The difference the repayment makes (on £3,000 debt at 17.9%)

REPAYING TIME TAKEN TO REPAY IN FULL INTEREST COST
Minimum (1% + interest or £5) 27 years 4 months £4,000
£71/month 5 years 5 months £1,575
£80/month 4 years 6 months £1,250
£120/month 2 years 7 months £700
£240/month 1 year 2 months £315

2. Shift debt to 0% interest with a balance transfer  

A balance transfer is when you get a new card that repays debts on other credit or store cards for you, so you owe it instead but at 0%. This means you'll be debt-free quicker as repayments large or small will go towards clearing the actual debt, not interest.

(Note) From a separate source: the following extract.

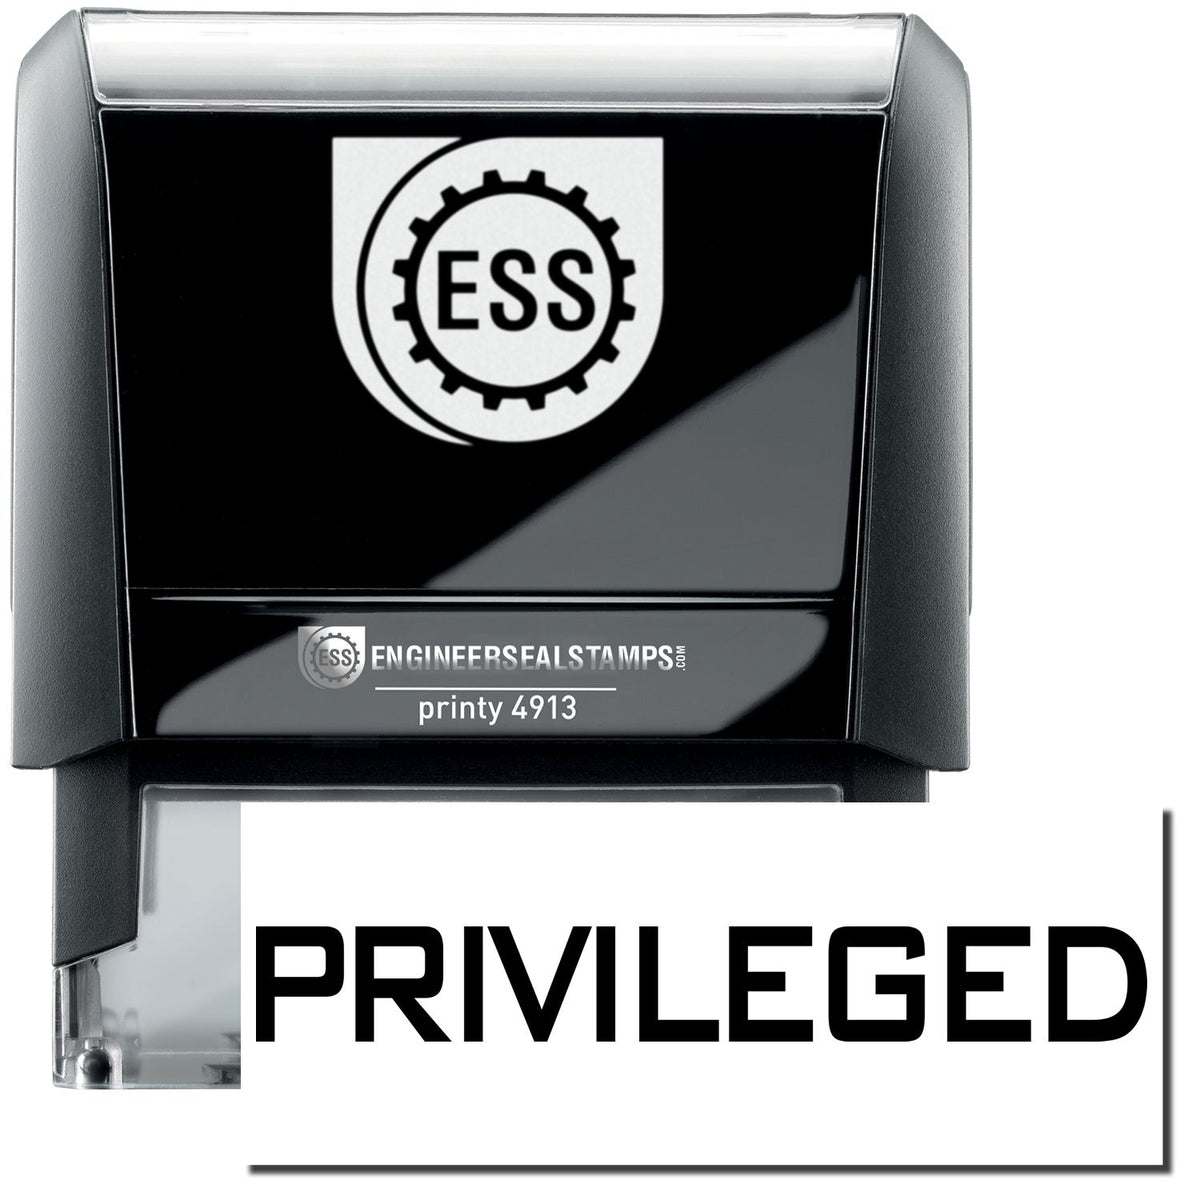 A self-inking stamp with a stamped image showing how the text &quot;PRIVILEGED&quot; in a large font is displayed by it after stamping.

The longer the 0% period, the longer you have to clear the debt without worrying about paying interest, though note you must make at least the minimum payment or you could lose the 0% deal. The longest deals (usually offering 2yrs+ at 0%) or those for poorer credit scorers (often around 6mths 0%) typically have a 1%-3% one-off fee as a percentage of the amount borrowed, yet there are cards that have no fee, so you can shift debt for free.

Pick the card with the lowest fee in the time you're sure you can repay. If you're unsure, go longest for safety, even if there's a fee. See the Best Balance Transfers guide for all the best buys. Importantly, they're NOT for new spending as it isn't usually at the cheap rate. See all-rounder cards if you've a need to do both.